Power to the Patient: Mount Sinai Puts Medical Records Snapshot on Smart Cards
At New York's Mount Sinai Medical Center, an innovative program gives patients a personal medical snapshot on an encrypted smart card. The goals: Improve quality of care, reduce records mistakes, and speed revenue collection. Is this part of the future for your health records?
Mount Sinai's project doesn’t try to solve every piece of that puzzle at once. This project, for which development began about 2.5 years ago, focuses on data that's critical to urgent care, Contino says. Also, Mount Sinai's personal health cards don’t hold a complete medical history, just a medical snapshot that fits in 64K of memory. Over time, older data has to be rolled off the card to accommodate newer data.
What about privacy? Because the cards have tough triple DES-level encryption, plus require a PIN code, they're "useless" if lost, Contino says. While Mount Sinai's privacy officer was initially concerned about the smart card project, that changed when everyone involved agreed that a patient entering a PIN code while using the smart card met HIPAA requirements quite well, Contino says.
Mount Sinai offers patients the cards upon registration at the hospital, and at check-in time for follow-up visits.
For the hospital, the card system has the ability to reduce fraud, improve revenue cycles through the reduction of registration errors, and boost quality of patient care. For patients, the card has the ability to speed check-in and supply some peace of mind.
Why is positive identification so key for a hospital like Mount Sinai? One example: In densely-populated New York, where some names are very common, the hospital could have dozens of patients with the same name. When a patient named Maria Gonzales comes into the ER, they'd like to match her to the right history and paperwork. In other cases, patients may try to defraud the system by presenting someone else's insurance card.

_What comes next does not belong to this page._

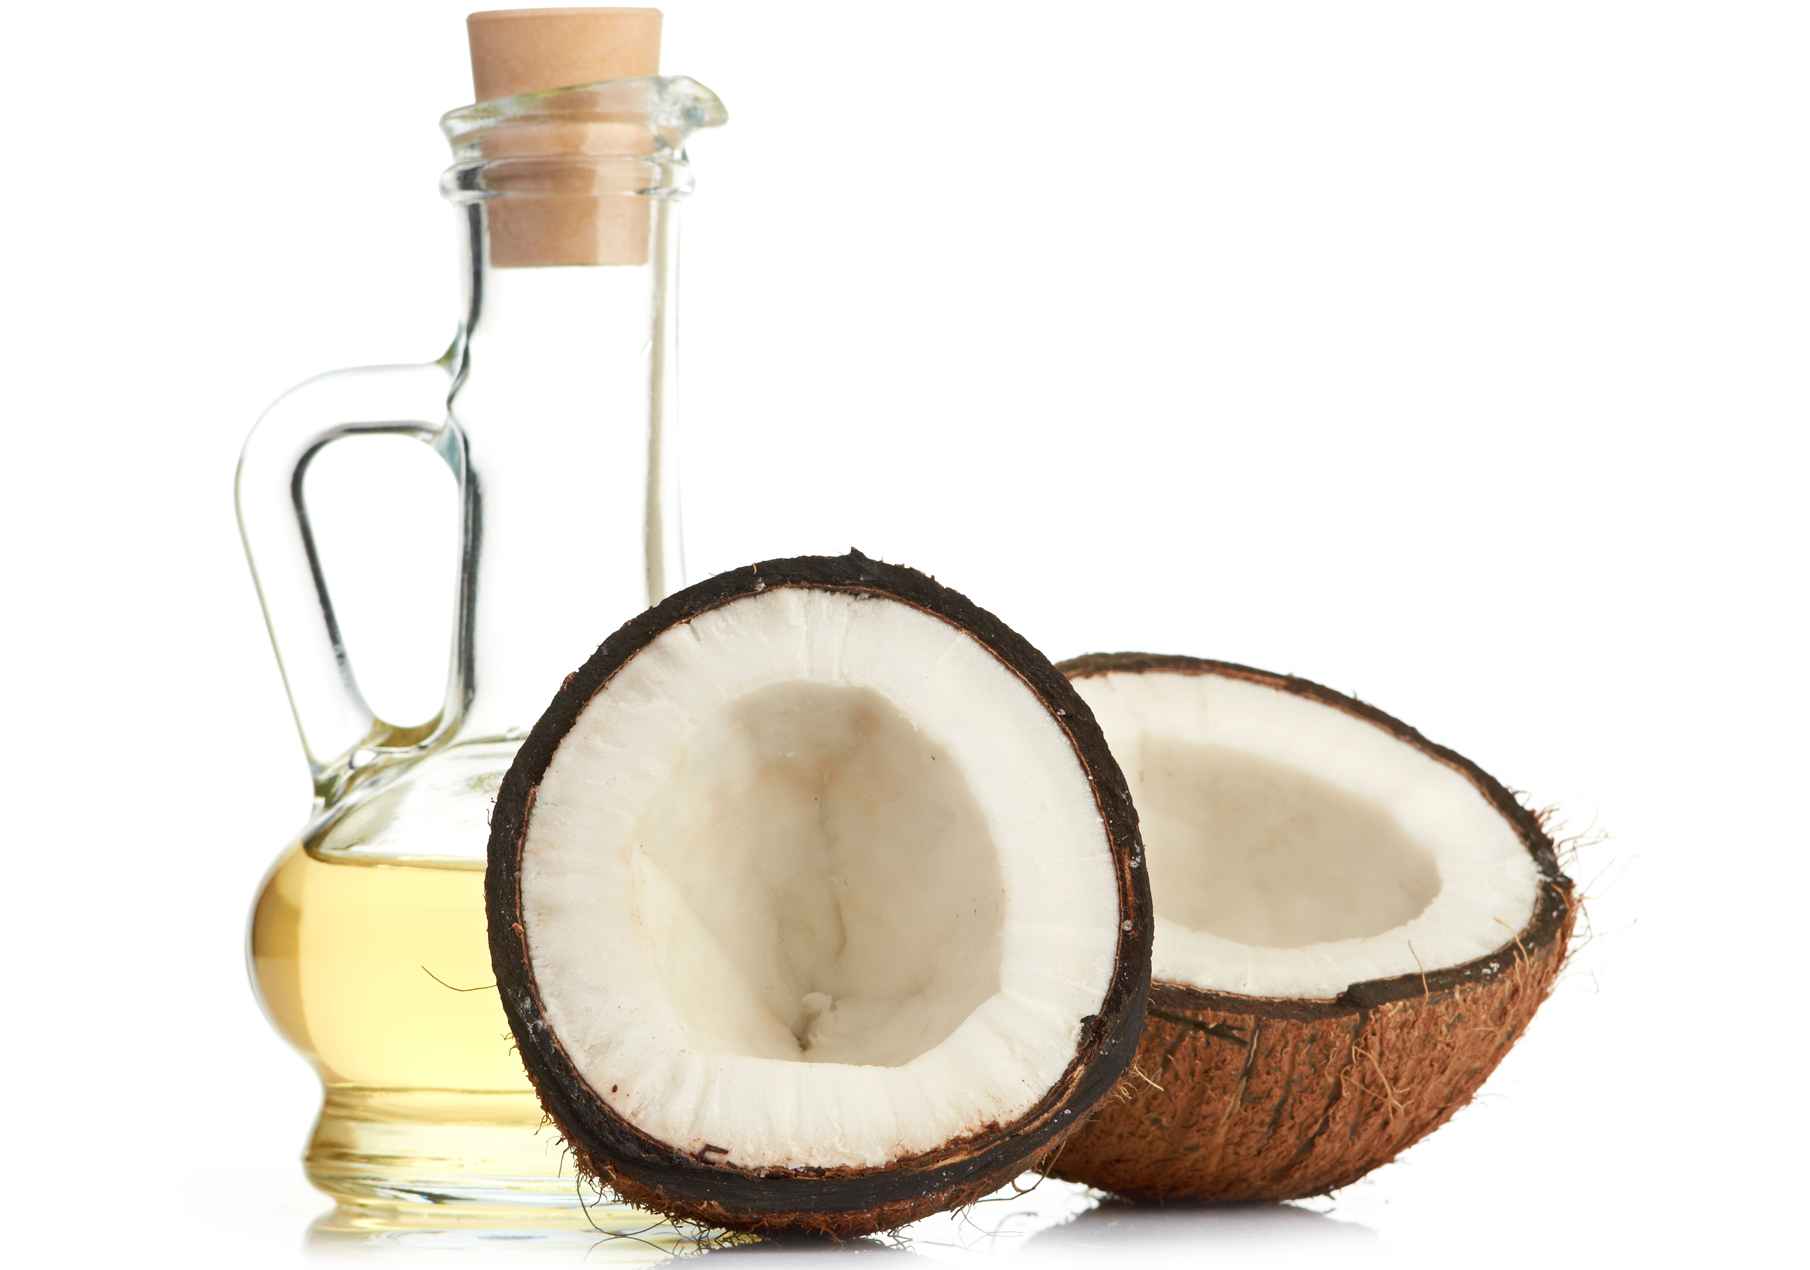 Coconut Oil: The Secret to Natural Beauty

Process-wise, Mount Sinai has some 40 systems into which medical records flow; getting those records right upon registration saves work later.
Adding to the potential for errors, registration staffers face a high workload, for one of the hospital's lower-paying jobs. The positions have high turnover rates.
The hospital has tried to improve the registration process by improving training, Contino says, but this didn’t pan out. "Training was a continuous burden," he says. "Doing more wasn't benefiting us." The smart cards, he says, made sense to these staffers. "Immediately, people saw the tremendous advantage," Contino says, both for saving time and preventing mistakes during patient check-in.
Connecting Hospitals Affordably
This pilot project isn’t just about Mount Sinai: From the start, the hospital saw benefit in sharing data with its local peers, Contino says. To date, Mount Sinai has signed up 10 tri-state area hospitals in an open network, called the HealthSmart Network, to use the cards to share patient data. One benefit of that network arrangement: If you are taken to Elmhurst Hospital in Elmhurst, Queens, suffering chest pains, and you had a heart attack at Mount Sinai's ER in Manhattan a month ago, the Elmhurst staff can know immediately, from reading the history on your card, Contino says.